MIT bucks trend, revives standardized test score requirement for admissions

From Higher Ed Dive

By Natalie Schwartz

March 28, 2022

Dive Brief:

The Massachusetts Institute of Technology announced Monday it is reinstating its requirement for applicants to submit standardized test scores after waiving the condition for admission due to pandemic-related disruptions.

MIT’s announcement said the institution’s own research shows that considering standardized test scores significantly improved its ability to accurately predict students’ academic success at the university, particularly in mathematics. The change will begin for the 2023-24 admissions cycle, three years after the requirement was suspended with the 2020-21 admissions cycle.

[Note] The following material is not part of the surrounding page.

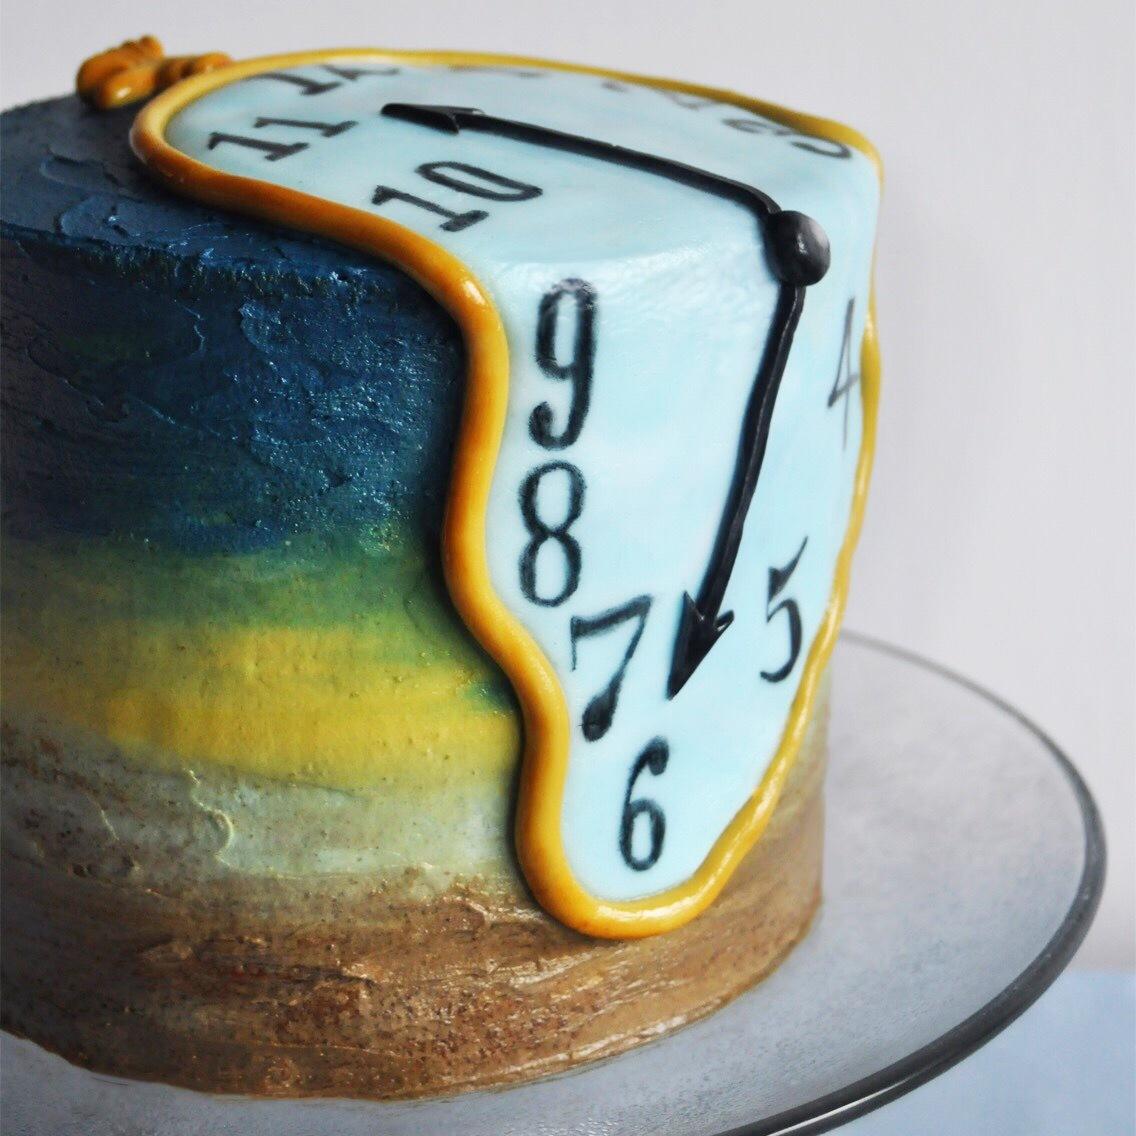 Dali cake design

The university argued that not having SAT or ACT scores raises socioeconomic barriers for those hoping to demonstrate academic preparedness for the university. MIT said its own research aligns with findings from the University of California’s standardized testing task force, which found that including these scores predicted undergraduates’ performance in their first year better than high school grades.

Dive Insight:

With the announcement, MIT joins a handful institutions that are returning to standardized testing requirements even as the test-optional movement gains major ground in higher education. Hundreds of colleges waived requirements for applicants to submit SAT or ACT scores during the pandemic because of disruptions to common testing sites, and proponents of the test-optional movement predict that many of them will make these policies permanent.

However, a few institutions have either resisted going test-optional during the pandemic or returned to their policies before the health crisis struck. Florida’s public colleges were one prominent holdout, with their governing body refusing to go test-optional during the pandemic. And the University System of Georgia is resuming the requirement for its three most academically competitive institutions: the University of Georgia, Georgia College & State University, and Georgia Tech.

In MIT’s announcement, Stu Schmill, dean of admissions and student financial services, said officials believe SAT and ACT scores predict their students’ preparedness because of the university’s emphasis on mathematics. Regardless of their majors, MIT students must take two semesters of calculus and two semesters of calculus-based physics that culminate in challenging final exams.

“In other words, there is no path through MIT that does not rest on a rigorous foundation in mathematics, and we need to be sure our students are ready for that as soon as they arrive,” Schmill wrote.

The announcement stressed that standardized test scores are part of a multifactor analysis used to make admissions decisions. The university also argued that the tests help identify academically prepared students who are socioeconomically disadvantaged and said other common methods, such as essays, favor students from well-off backgrounds.

Test-makers — including the ACT and the College Board, which administers the SAT — have championed the same arguments. However, opponents of the tests say they are racist instruments that favor more affluent students who can afford extensive test prep.

That position was the basis of a lawsuit filed against the University of California in 2019, which called the exams a biased measure of student performance. Although a UC task force in 2020 recommended against the system going test-optional, the system settled the lawsuit last year by agreeing to not consider the scores in admissions decisions through 2025. It made the move permanent only a few months later.

California State University followed suit last week, when system trustees voted to abolish testing requirements for admissions. The system can still use scores for placement in math and English courses, according to a spokesperson.

MIT said it will still consider applications from students who can’t take the SAT or ACT because of disaster or disruption, according to the announcement.